The size of the cache can be tuned with dfs.client.read.shortcircuit.streams.cache.size, whereas cache timeout is controlled by dfs.client.read.shortcircuit.streams.cache.expiry.ms. The cache can also be turned off by setting its size to 0. Most of the time, the defaults are a good choice. However, if you have an unusually large working set and a high file descriptor limit, you could try increasing it.
With the new-style short-circuit local reads introduced in HDFS-347, any HDFS user can make use of short-circuit reads, not just specifically configured ones. There is also no need to modify which UNIX group the users are in or change the ownership of the DataNode directories. However, because the Java standard library does not include facilities for file descriptor passing, HDFS-347 requires a JNI component in order to function. You will need to have libhadoop.so installed to use it.
In testing, HDFS-347 was the fastest implementation in all cases.
HDFS-347 also requires a UNIX domain socket path to be configured via dfs.domain.socket.path. This path must be secure to prevent unprivileged processes from performing a man-in-the-middle attack. Every path component of the socket path must be owned either by root or by the user who started the DataNode; world-writable or group-writable paths cannot be used.

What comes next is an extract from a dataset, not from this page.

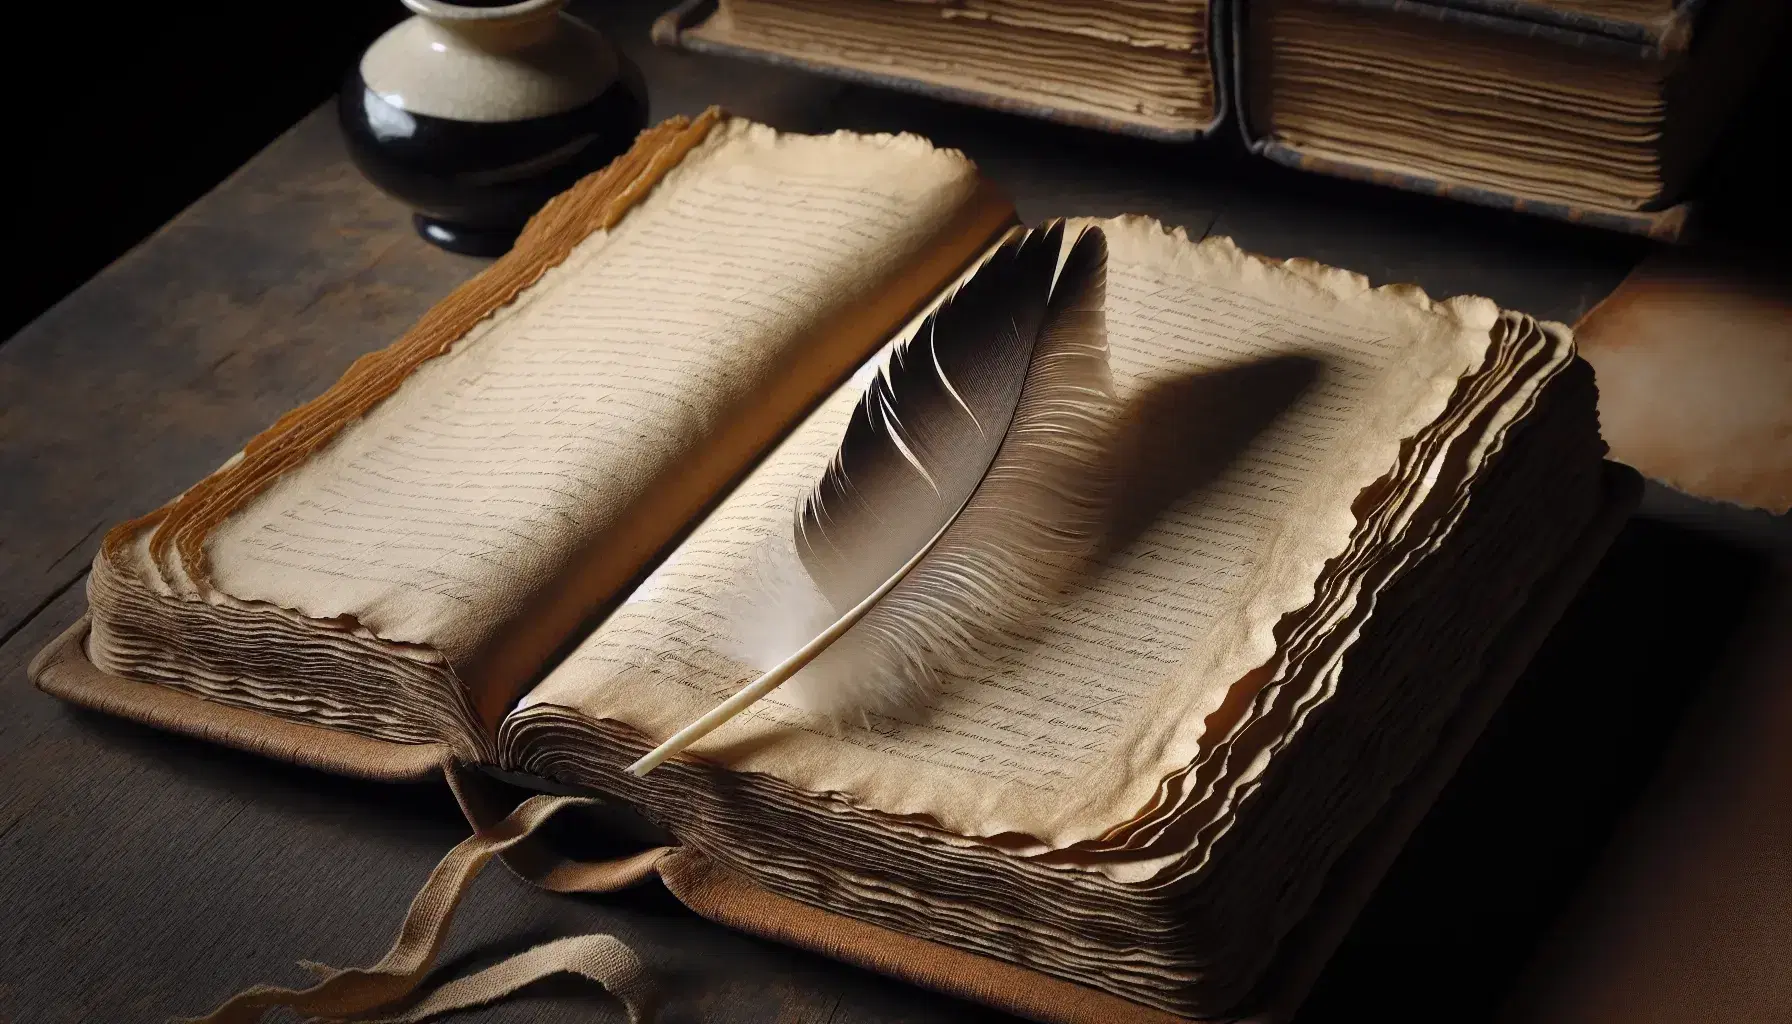 Libro antiguo abierto sobre mesa de madera oscura con páginas amarillentas y pluma de ave, acompañado de un tintero de porcelana en segundo plano.

Luckily, if you install a Cloudera parcel, RPM, or deb, it will create a secure UNIX domain socket path for you in the default location. It will also install libhadoop.so in the right place.
For more information about configuring short-circuit local reads, see the upstream documentation.
So, how fast is this new implementation? I used a program called hio_bench to get some performance statistics. The code for hio_bench is available at https://github.com/cmccabe/hio_test.
These tests were run on an 8-core Intel Xeon 2.13 with 12 hard drives. I used CDH 4.3.1 with an underlying filesystem of ext4. Each number is the average of three runs. Error bars are provided.
HDFS-347 is the fastest implementation in all cases, probably due to the FileInputStreamCache. In contrast, the HDFS-2246 implementation ends up re-opening the ext4 block file many times, and open is an expensive operation.
The short-circuit implementations have a bigger relative advantage in the random read test than in the sequential read test. This is partly because readahead has not been implemented for short-circuit local reads yet. (See HDFS-4697 for a discussion.)
Short-circuit local reads are a great example of an optimization enabled by Hadoop’s model of bringing the computation to the data. They’re also a good example of how, having tackled the challenges of scaling head-on, Cloudera is now tackling the challenges of getting more performance out of each node in the cluster.
If you are using CDH 4.2 or later, give the new implementation a try!
Colin McCabe is a Software Engineer on the Platform team, and a Hadoop Committer.